#### Source material
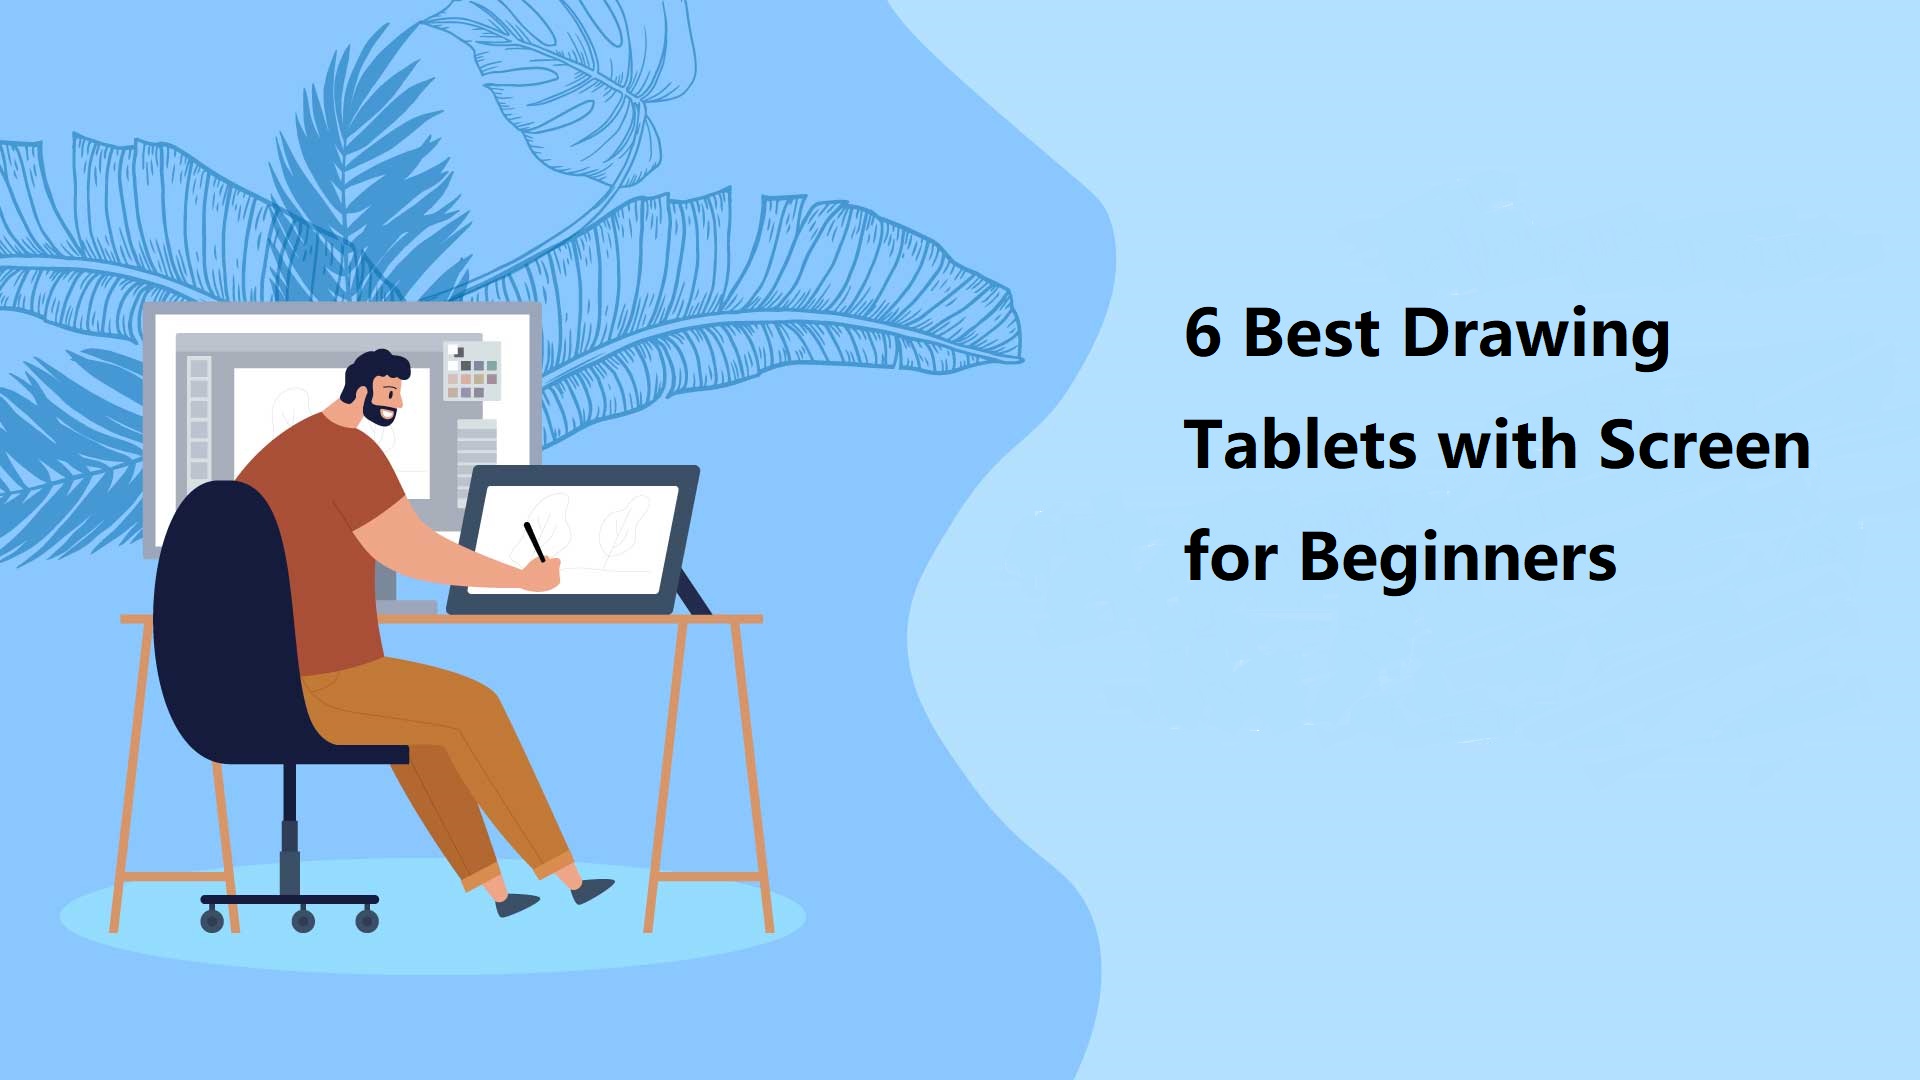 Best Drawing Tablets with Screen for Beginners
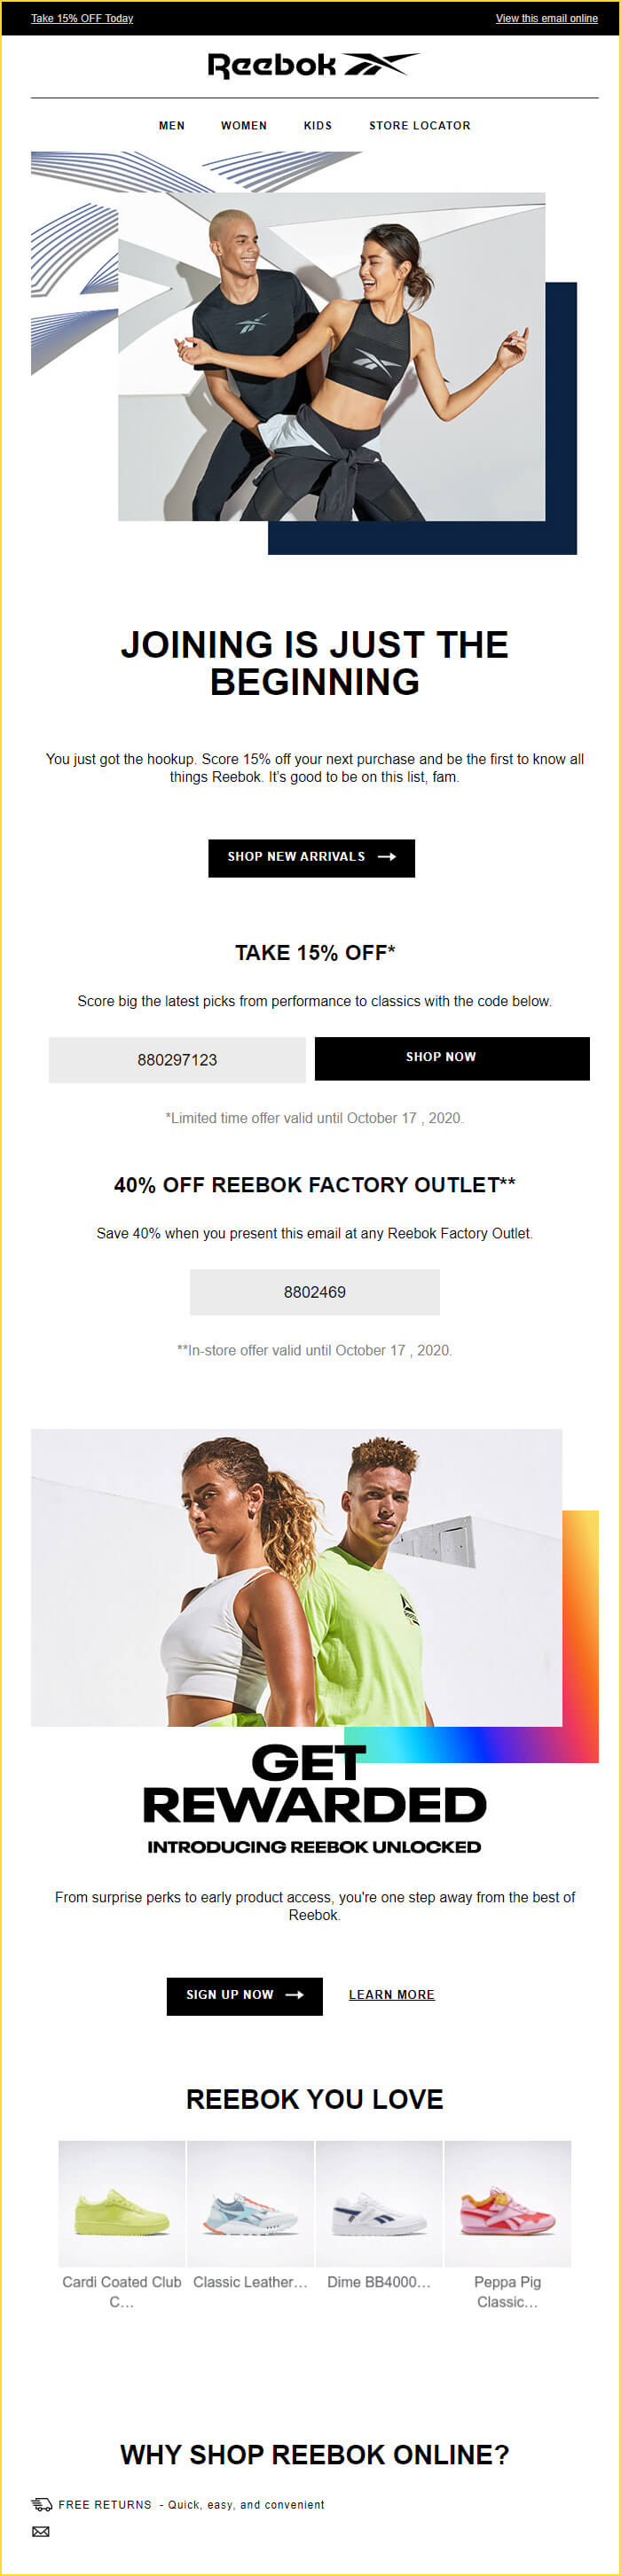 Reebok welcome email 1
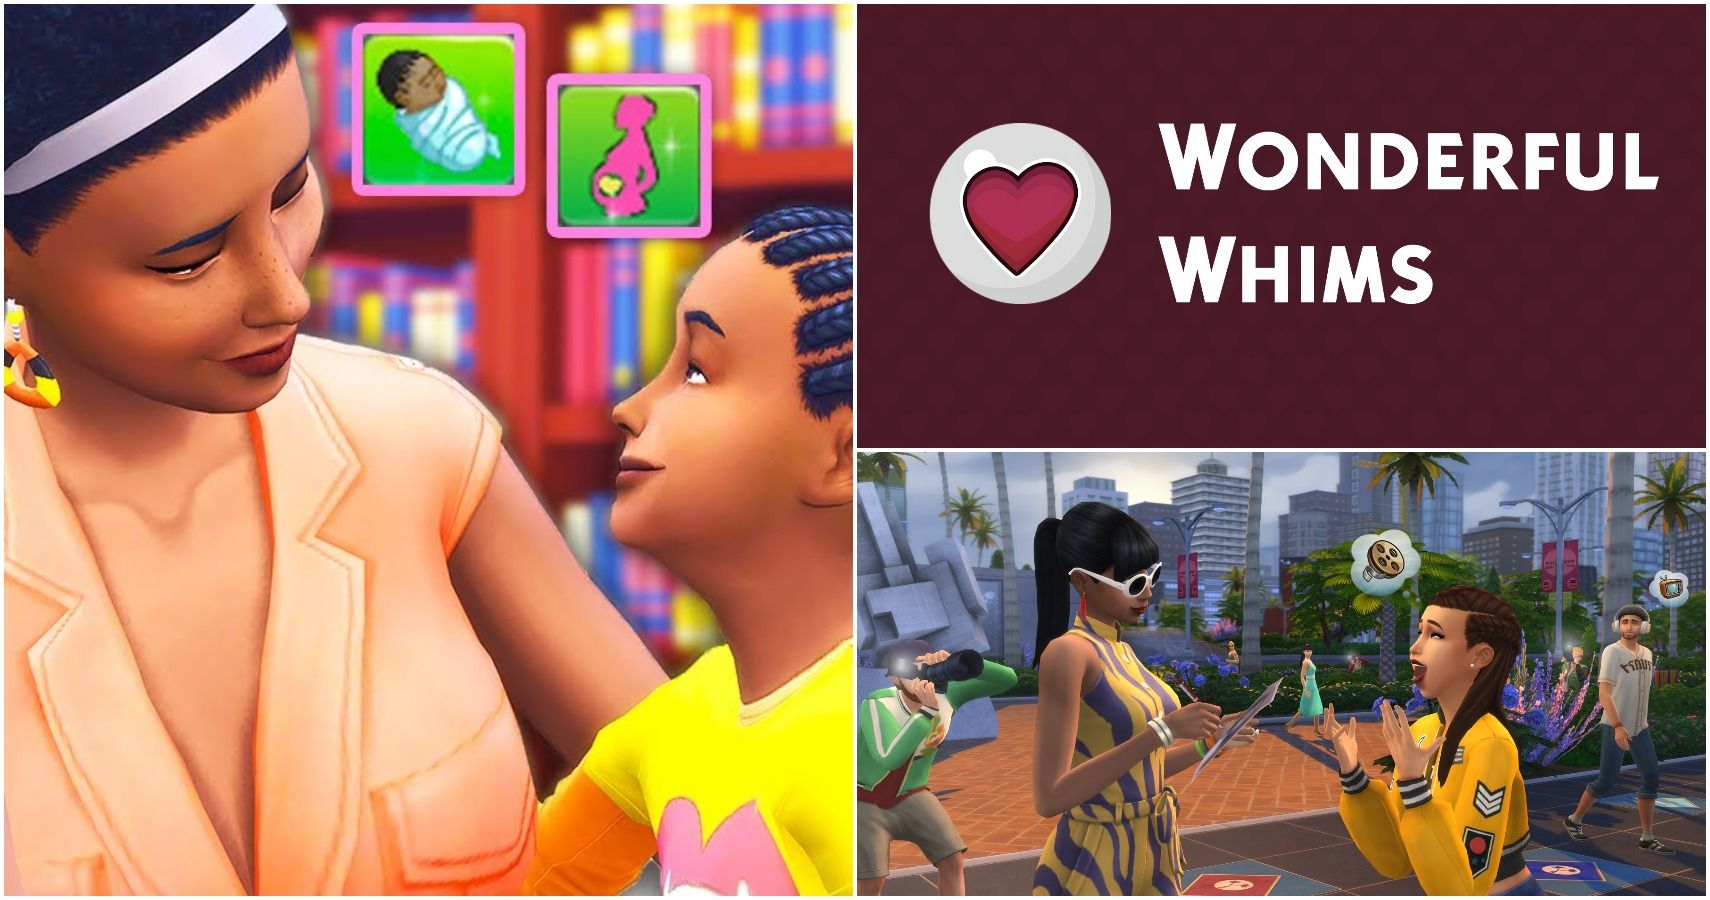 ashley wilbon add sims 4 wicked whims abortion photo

#### Instructions for the task
Print nothing except the lines from the one with "Reebok welcome email 1" through the last line of the listing, exactly as written and with pictures removed.

#### Task solution
 Reebok welcome email 1
 ashley wilbon add sims 4 wicked whims abortion photo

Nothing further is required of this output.